Primrose sighed then looked back out of the window at the costermonger’s girl. Her eager little spirit was making him glum. ‘Not today, I’m afraid. Have to wade through this
lot at home.’
‘It’ll be here in the morning.’ Barnes waited, his luxurious moustache twitching in anticipation. After a second, he slapped his hands down against his hips, defeated.
‘Your choice.’
Primrose nodded graciously.
The detective bustled backwards into the corridor, pushing Wilson along with him, and let the door fall shut. Primrose ran his gaze around the room. It fell on the closed copy of
Vincent’s Police Code
which he kept lying in the corner like a sneaky eye. ‘You must when on duty allow nothing but duty to occupy your thoughts.’

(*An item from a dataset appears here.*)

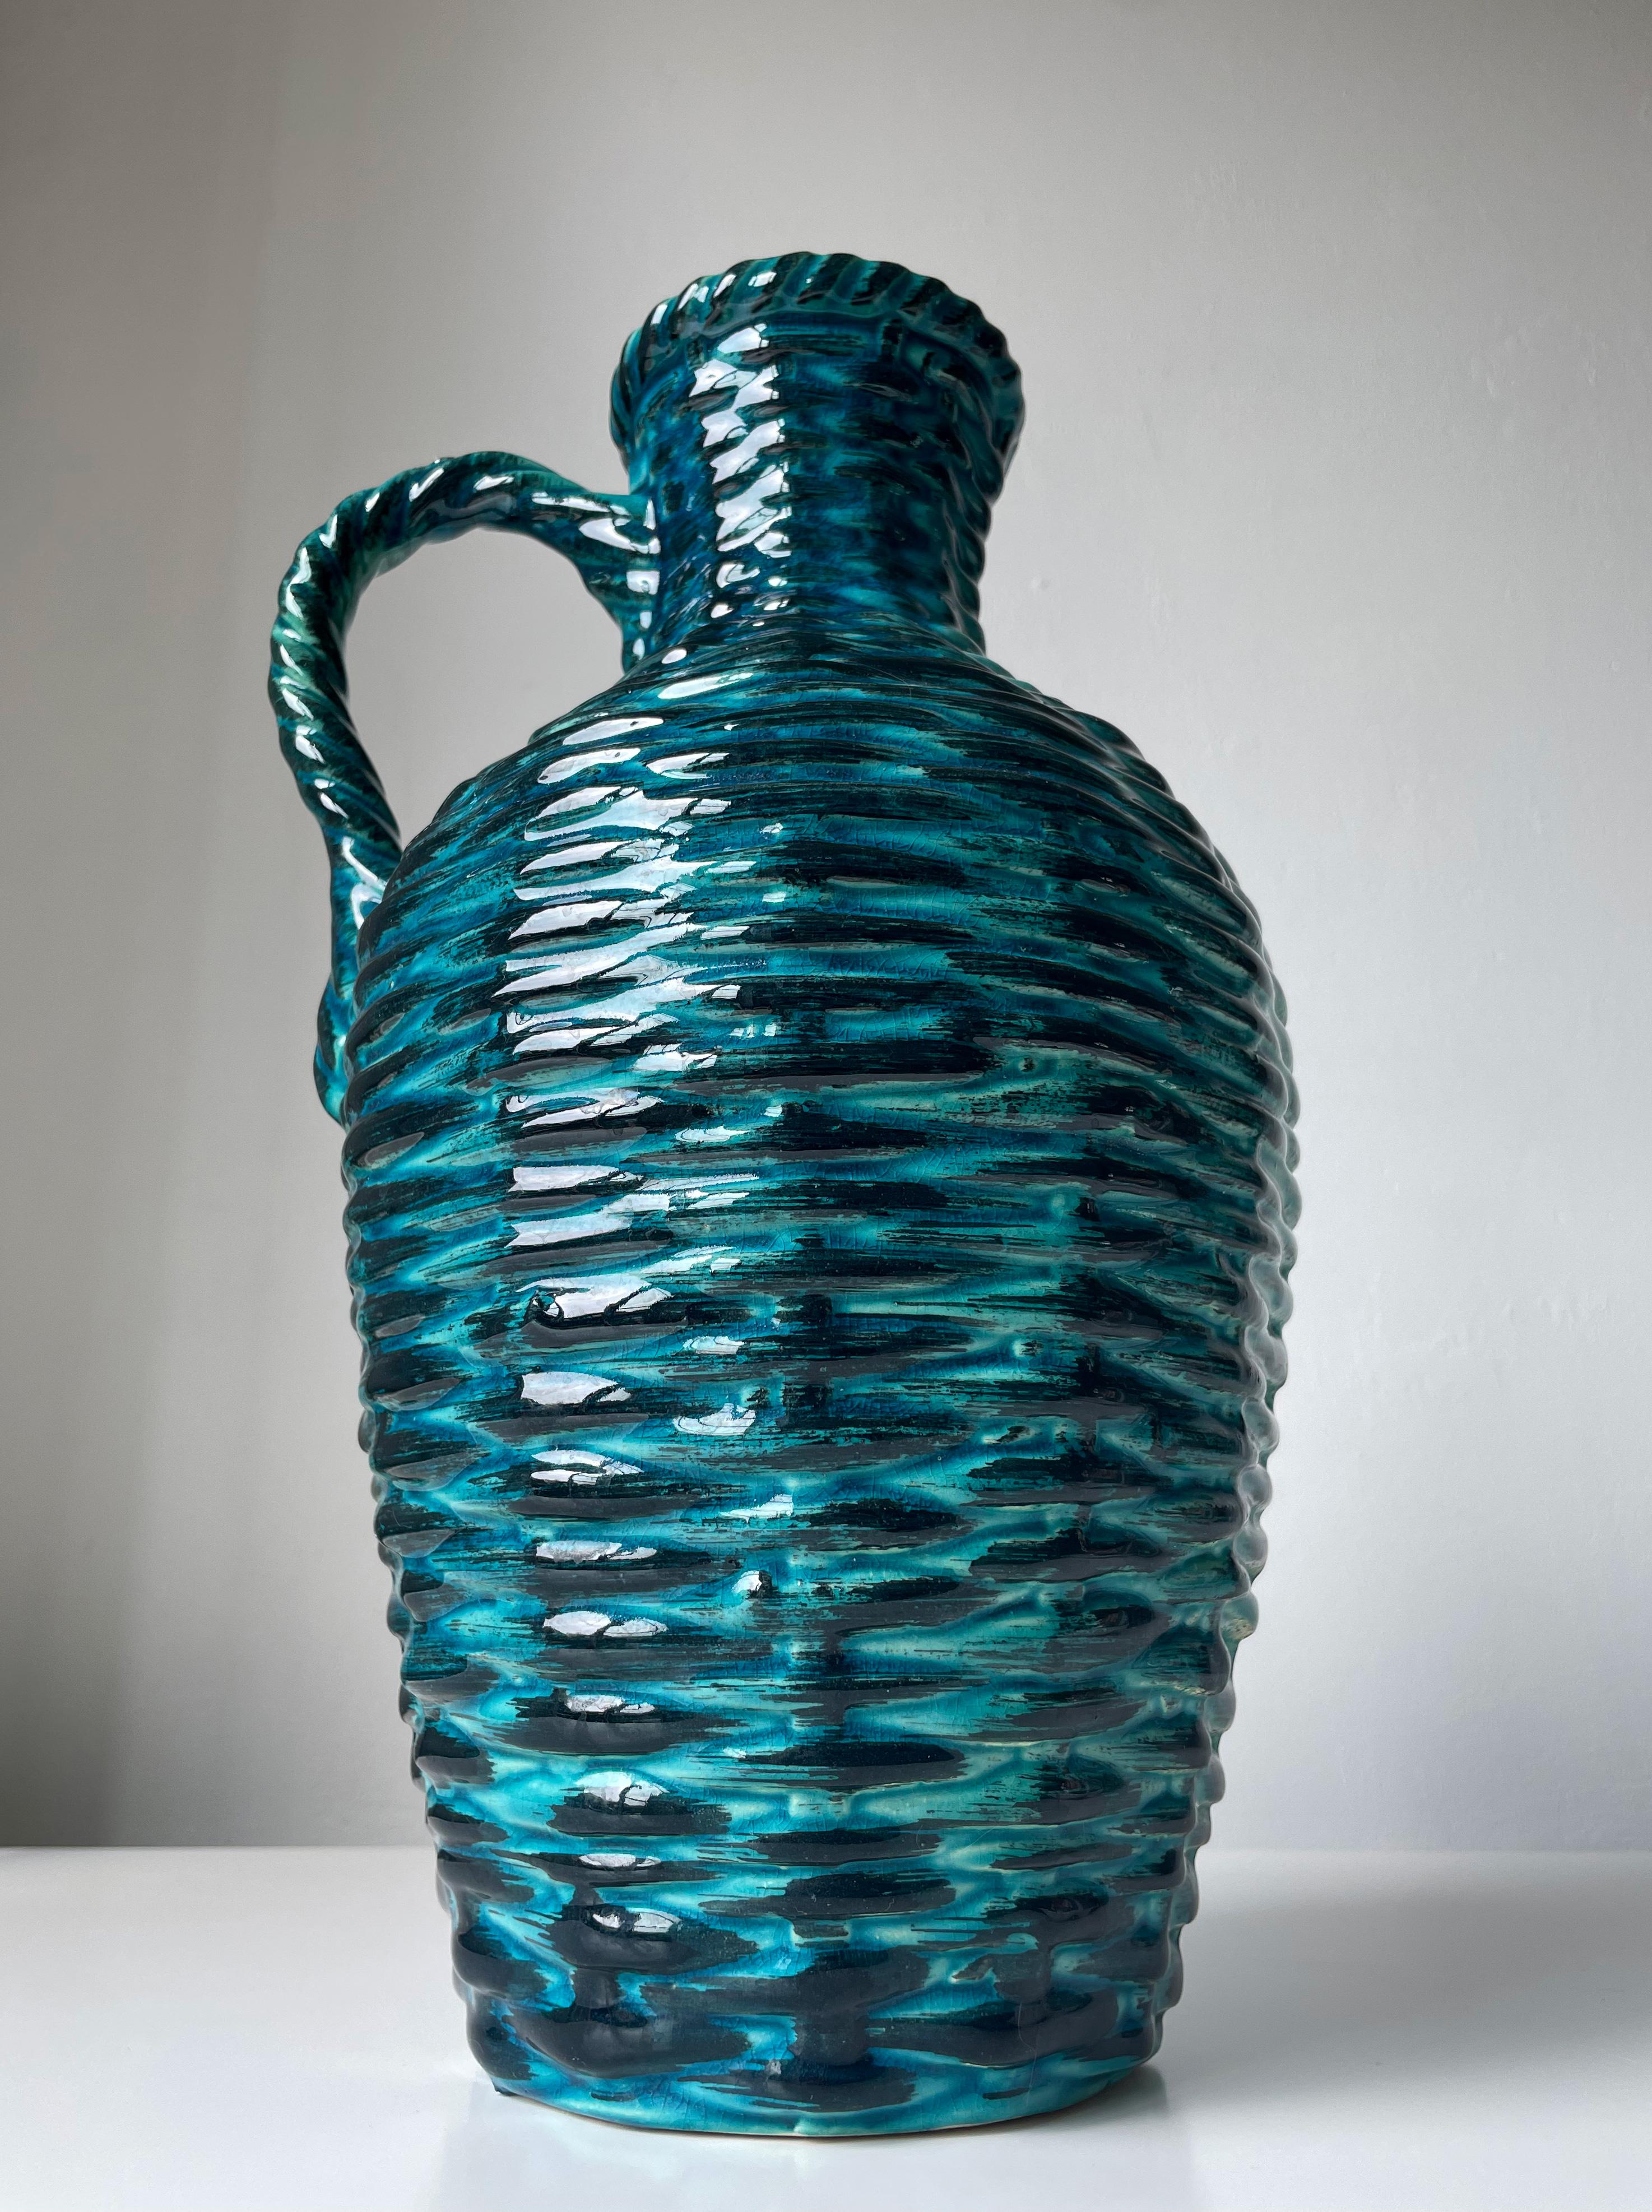 Tall 1970s Petrol, Black Braided Textured Bay Keramik Vase In Good Condition For Sale In Copenhagen, DK
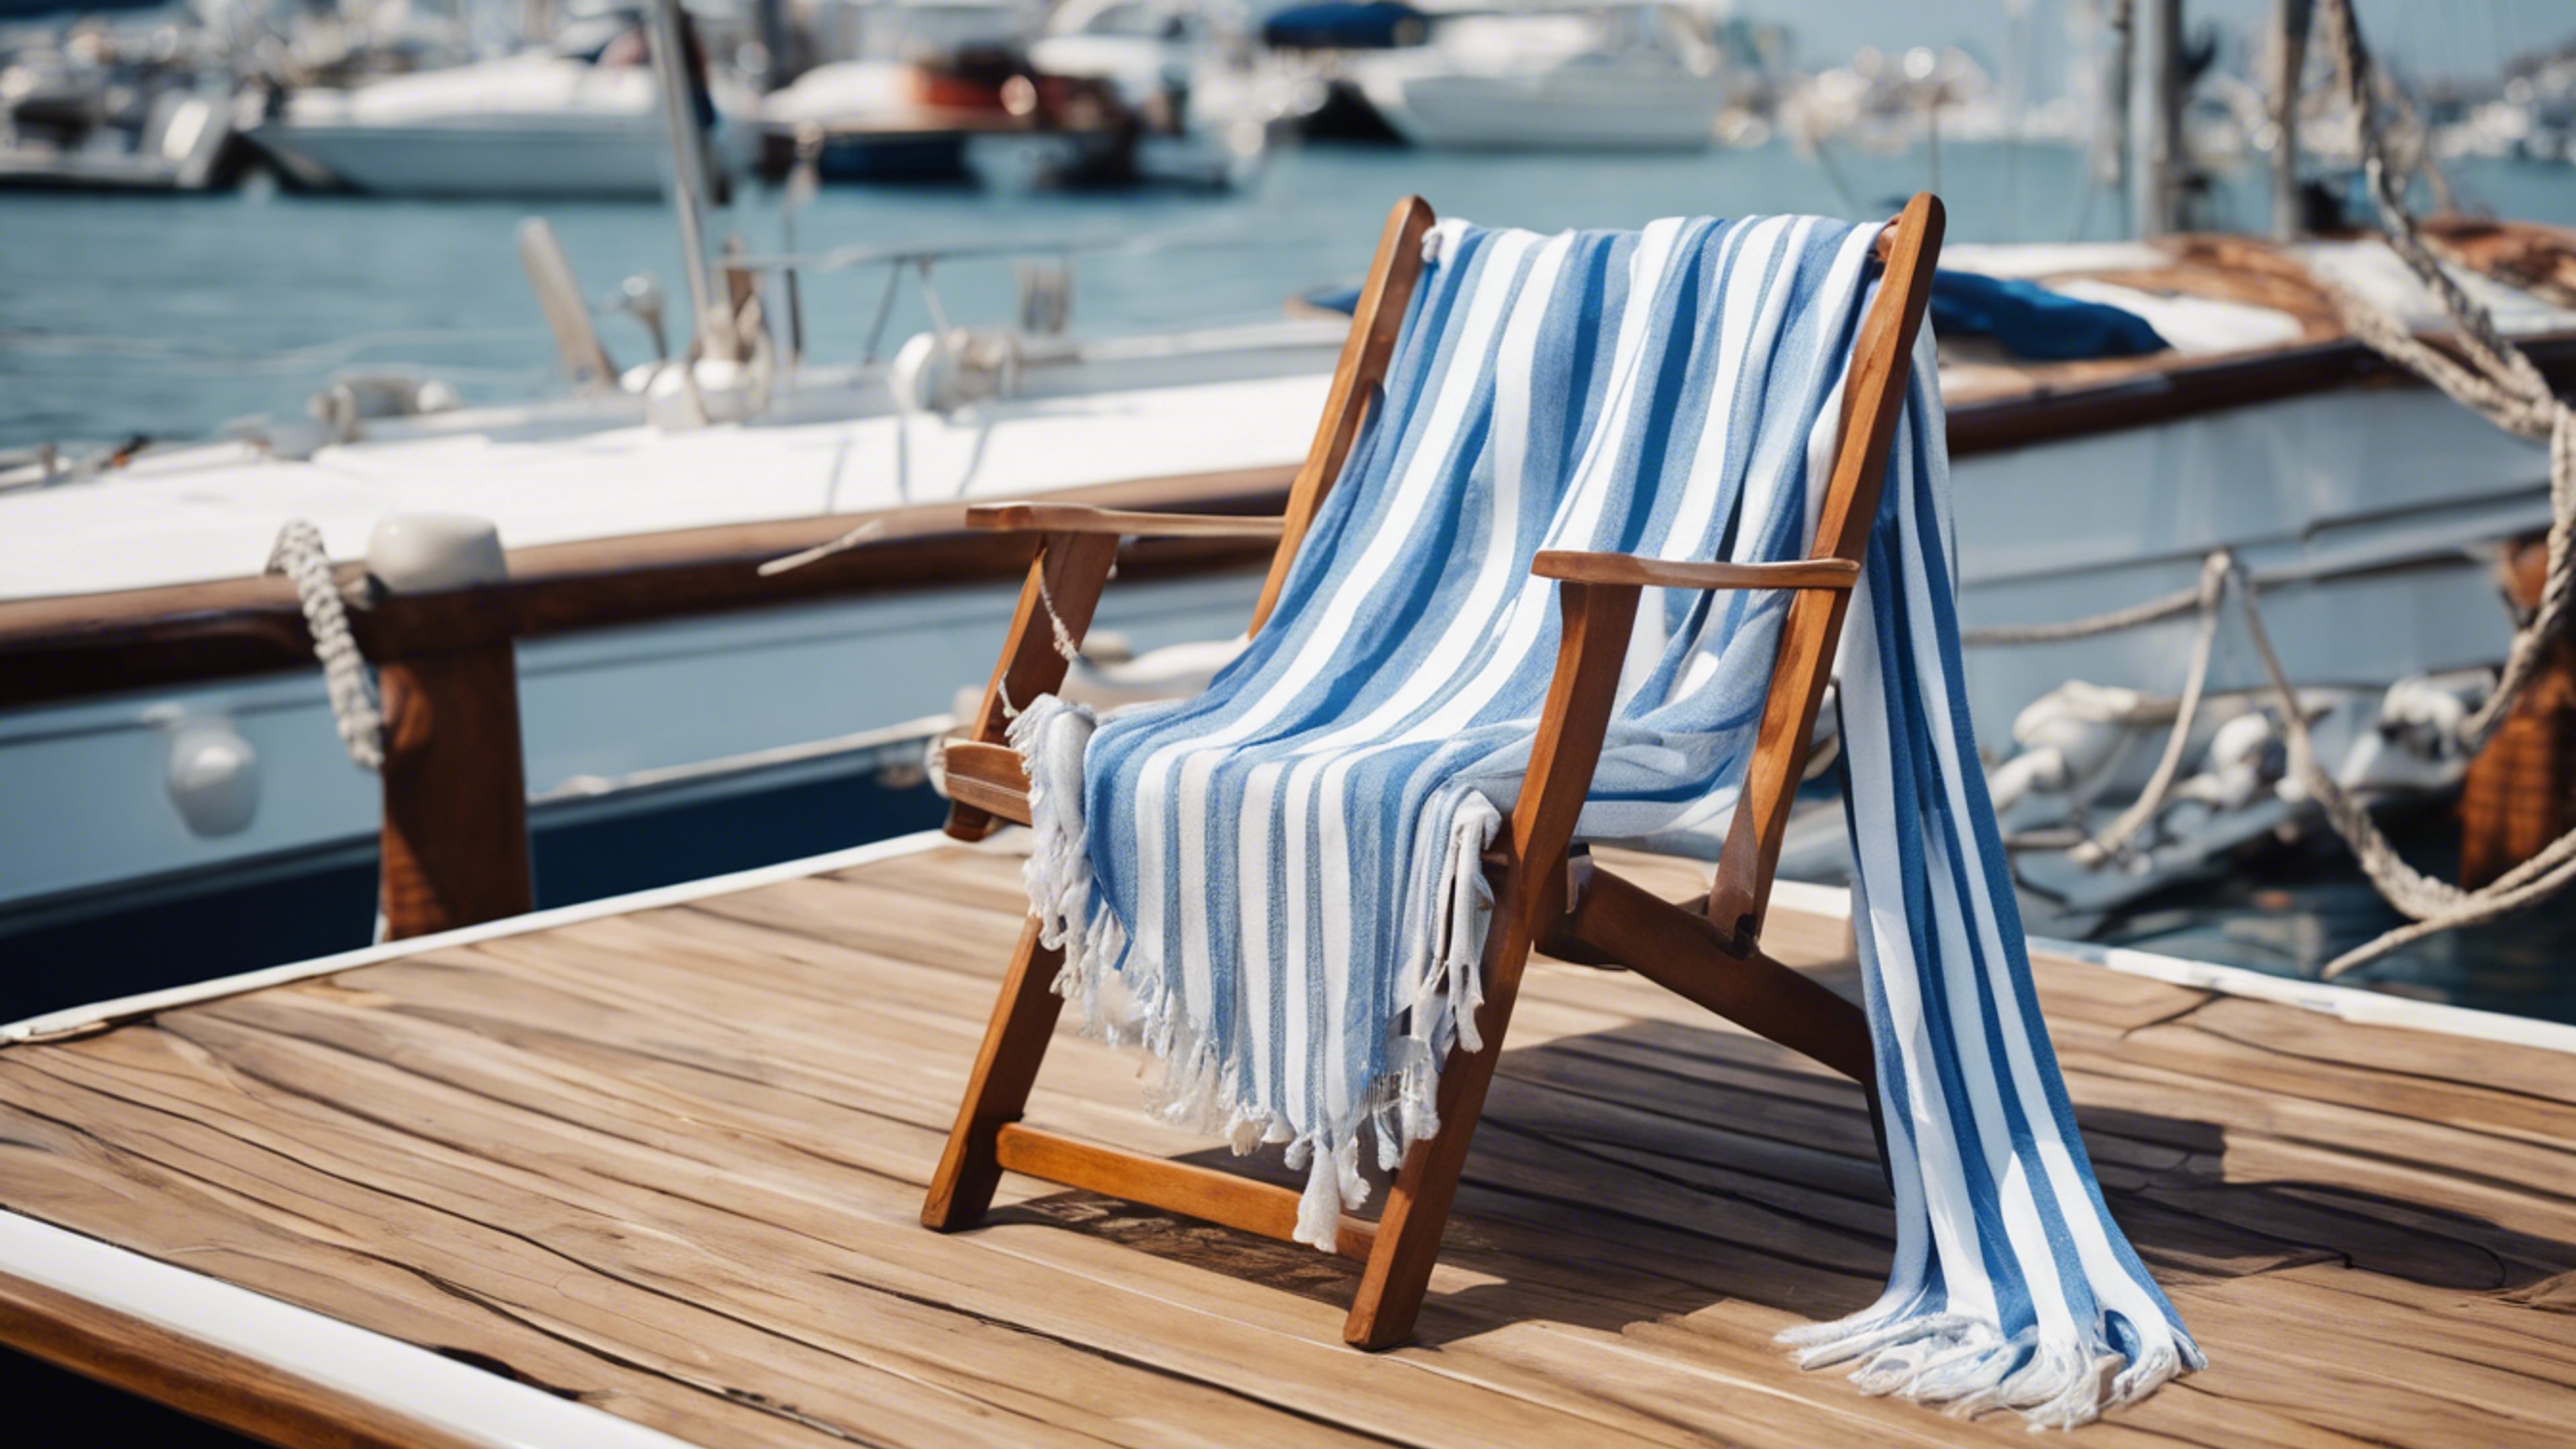 Preppy blue and white striped shawl draped over a teak deck chair on a sailboat. Tapeet[8e59a438a9aa4e06a25d]

That was all very well, but the suffragettes had changed everything at New Scotland Yard. Now it was the criminals who wore the reproachful looks as they were arrested, cried ‘shame’
at the officers when standing in the dock. The lines of right and wrong were blurred and morals seemed bent all over the place. And what was the role of the police if not a moral one?
He packed a few case files into his briefcase to look over at home. A woman charged with pouring acid on golf courses, another two arson cases, both park bandstands, and a handful of
suffragettes who had breached the terms of their prison release.
As he stood up to leave, his eyes briefly came to rest on the board on the right hand wall of the office, where the smiling portraits of the Pankhurst women were pinned; soft focus family shots
Special Branch had somehow obtained. They looked like music-hall stars; Mrs Pankhurst and her wise eyes; a tall elegant woman in muted silks – that was Sylvia Pankhurst; and the bright, sharp
gaze of Christabel, alongside a copy of her arrest warrant, issued by the Yard when she disappeared six months ago.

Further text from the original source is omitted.